Every picture should be left out, but the lines below must be repeated exactly.

= GIVEN DATA =
-*-

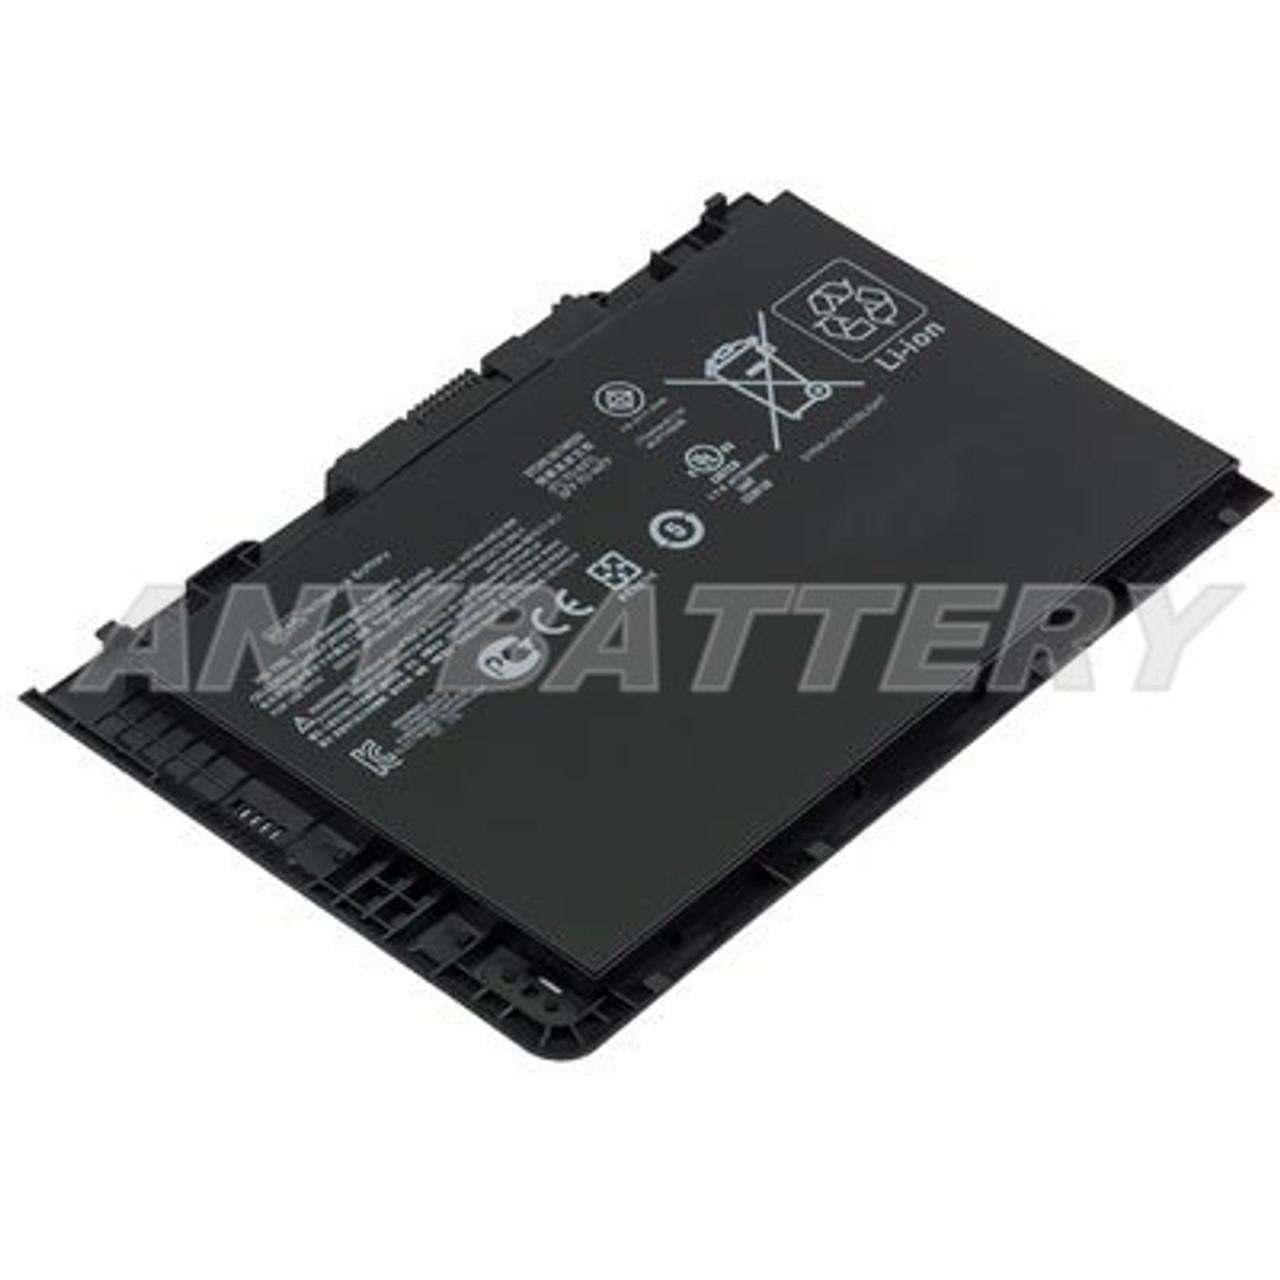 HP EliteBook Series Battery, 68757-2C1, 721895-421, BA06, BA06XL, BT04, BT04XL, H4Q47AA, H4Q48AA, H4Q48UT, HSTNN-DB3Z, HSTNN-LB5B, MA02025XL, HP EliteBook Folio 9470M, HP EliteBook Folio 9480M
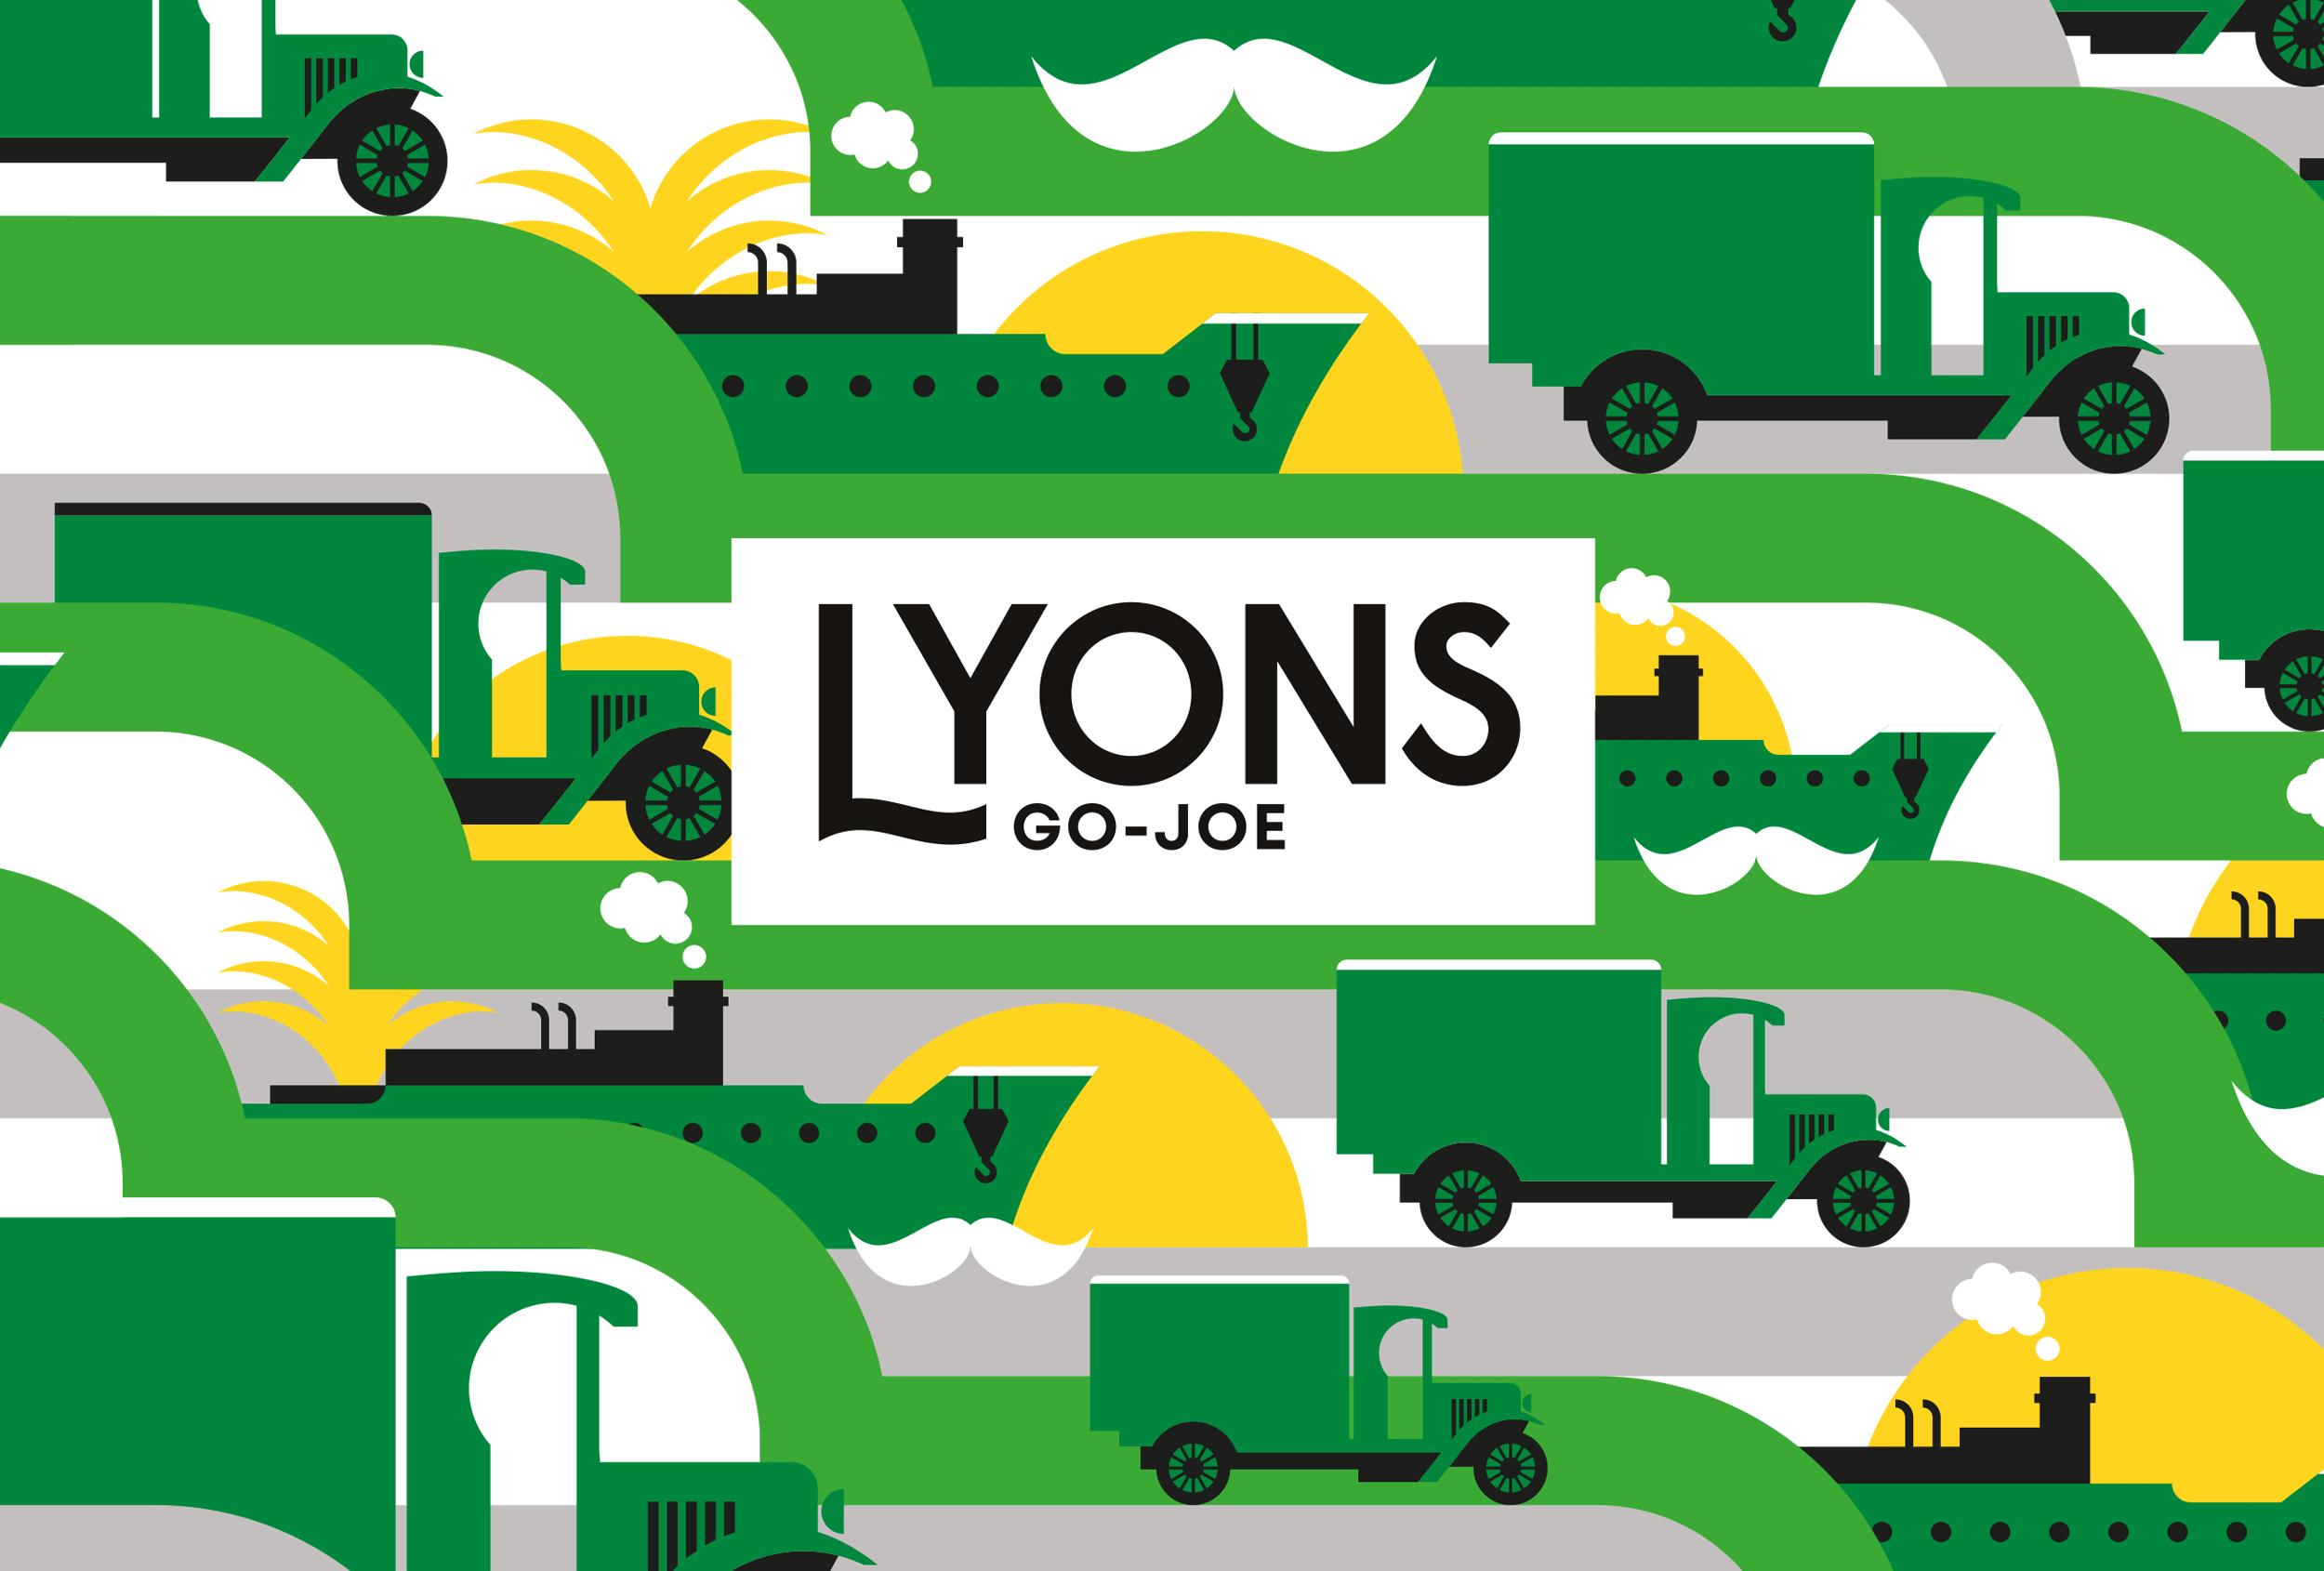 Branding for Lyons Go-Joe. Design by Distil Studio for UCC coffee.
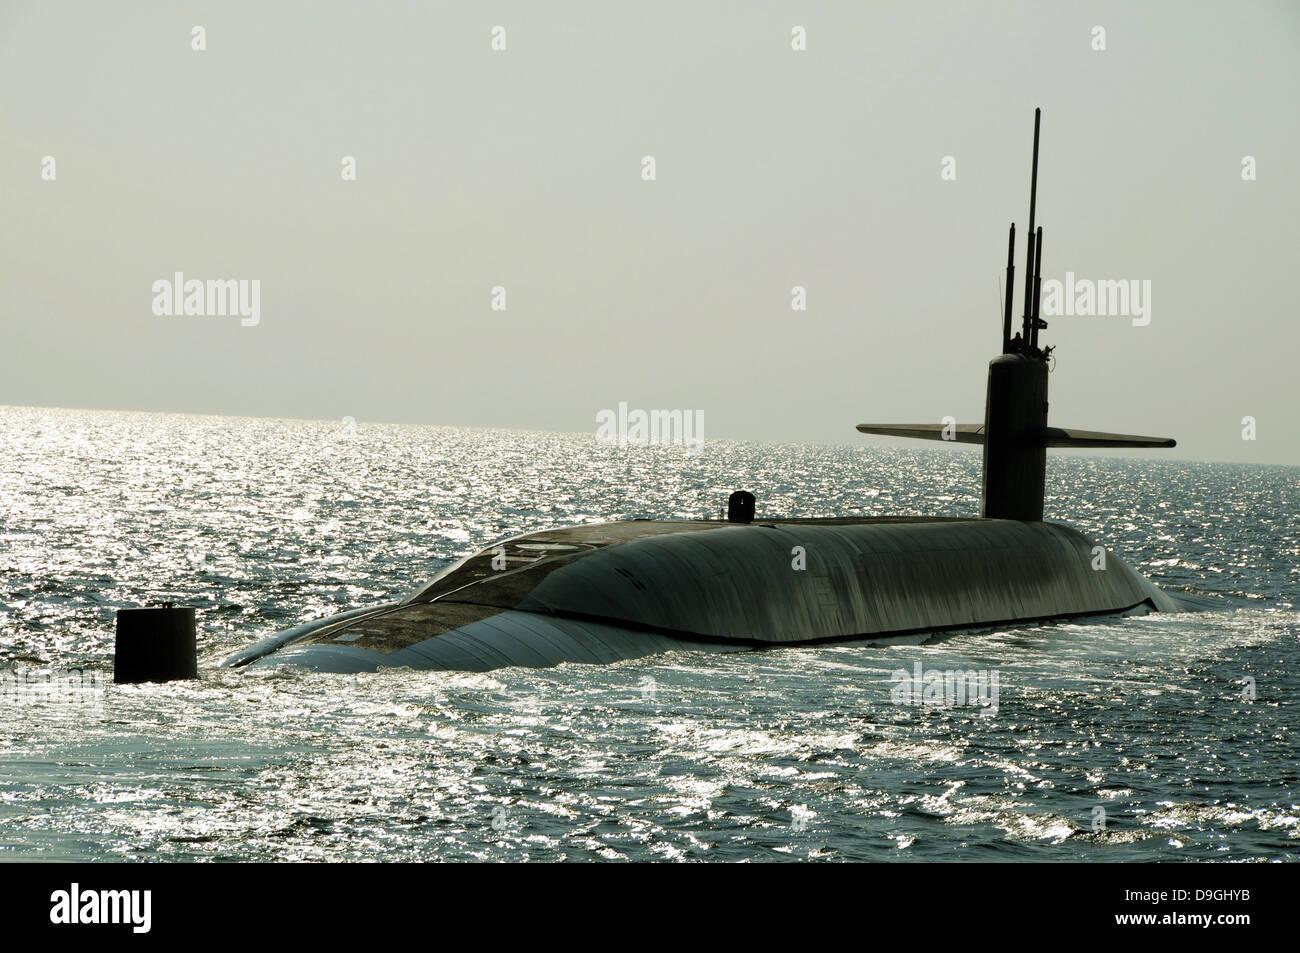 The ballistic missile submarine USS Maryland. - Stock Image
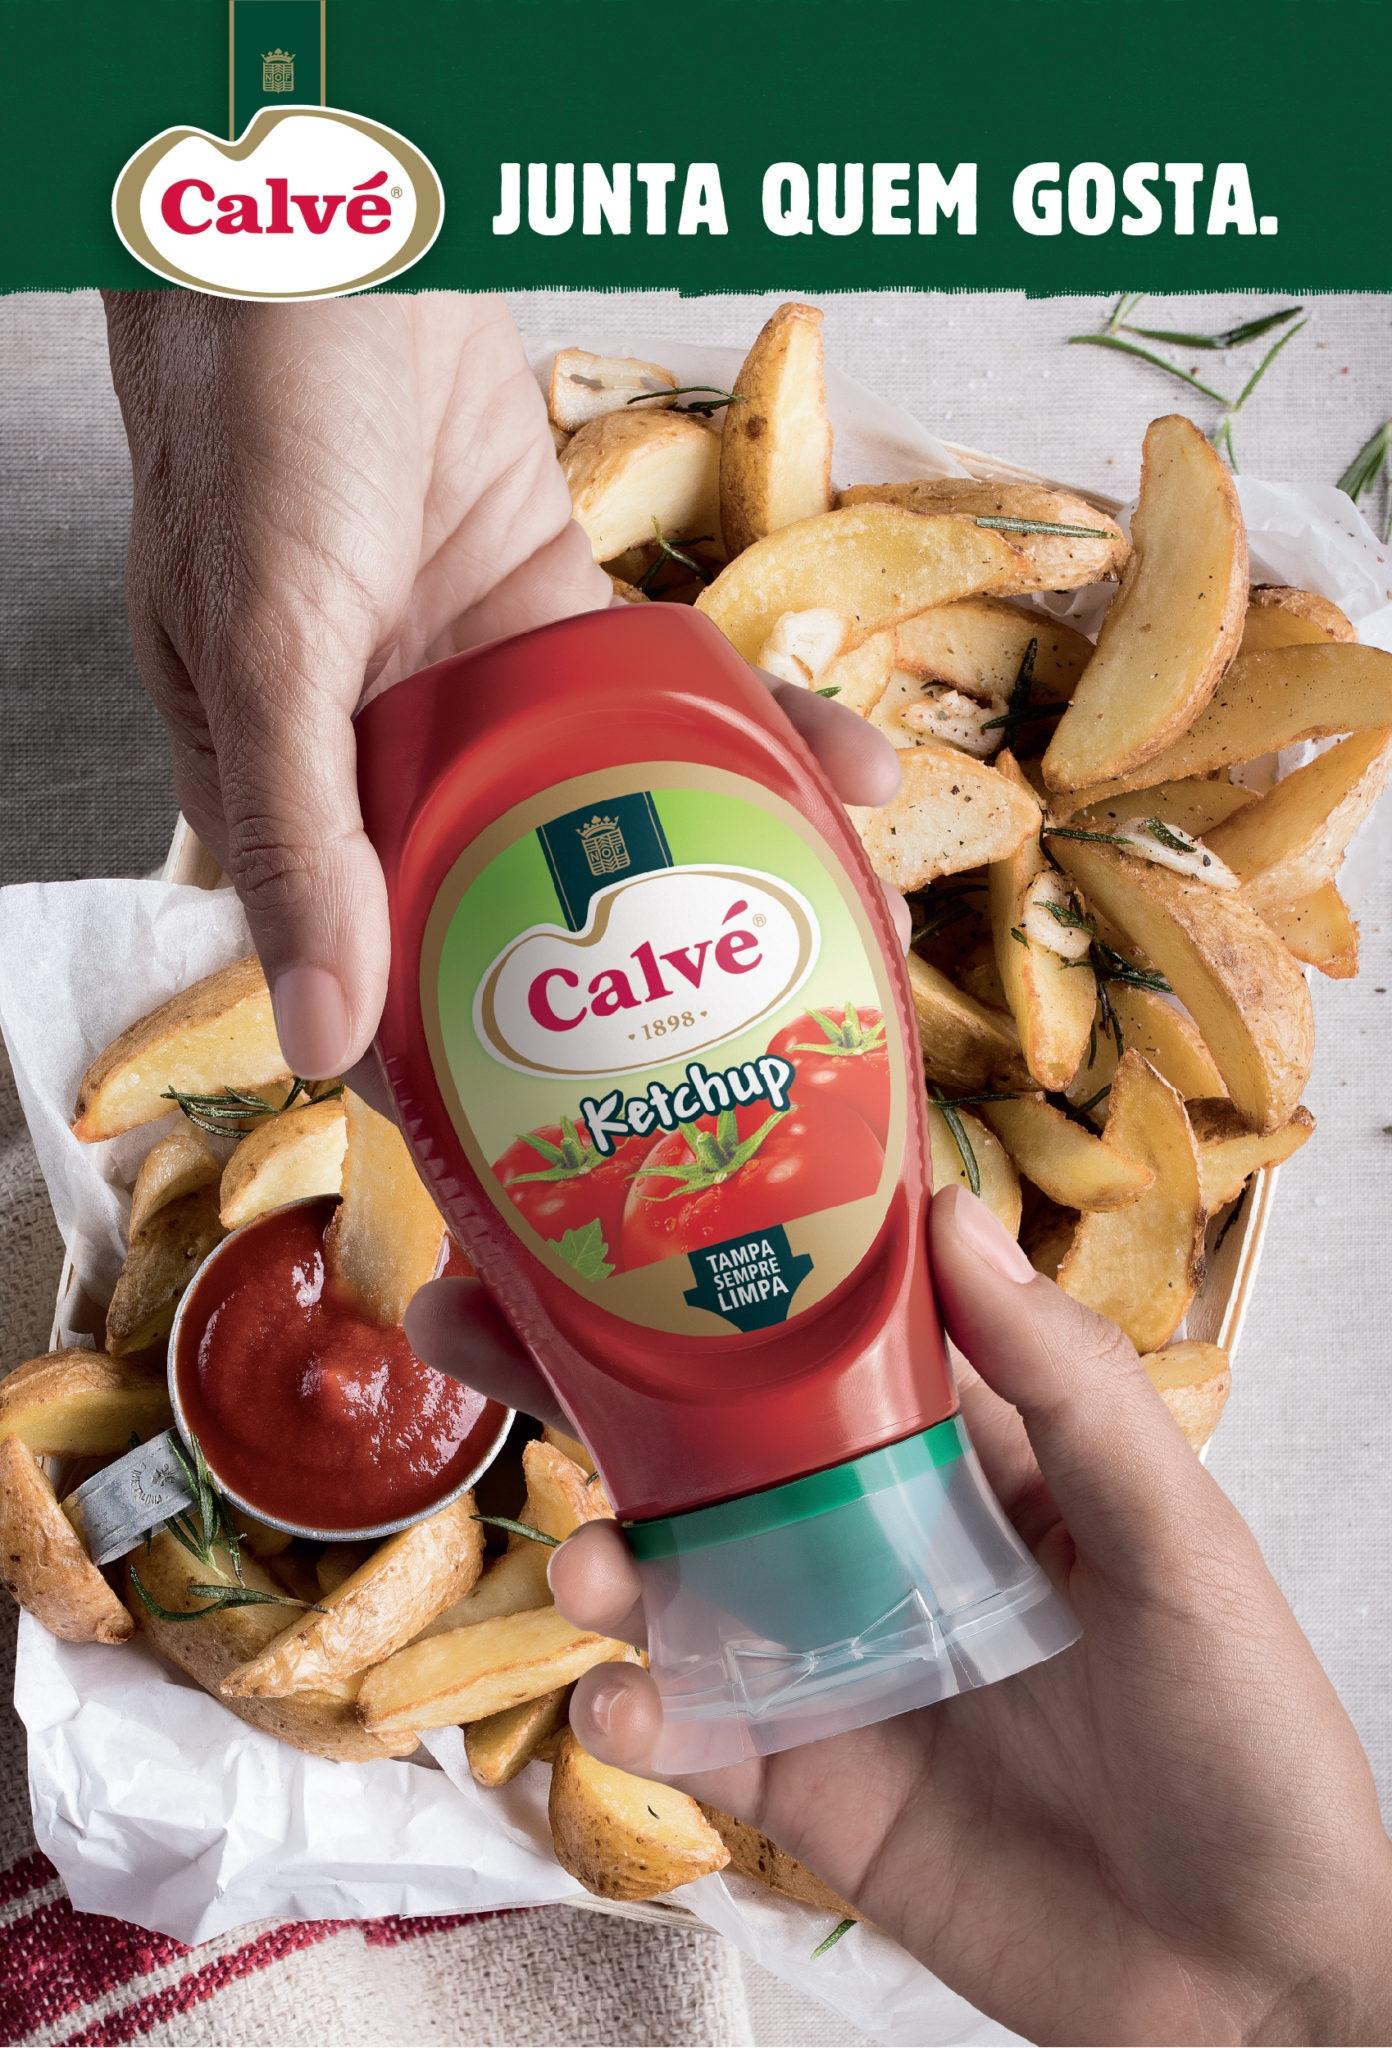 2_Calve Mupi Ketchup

-*-

= EXPECTED ANSWER =
 HP EliteBook Series Battery, 68757-2C1, 721895-421, BA06, BA06XL, BT04, BT04XL, H4Q47AA, H4Q48AA, H4Q48UT, HSTNN-DB3Z, HSTNN-LB5B, MA02025XL, HP EliteBook Folio 9470M, HP EliteBook Folio 9480M
 Branding for Lyons Go-Joe. Design by Distil Studio for UCC coffee.
 The ballistic missile submarine USS Maryland. - Stock Image
 2_Calve Mupi Ketchup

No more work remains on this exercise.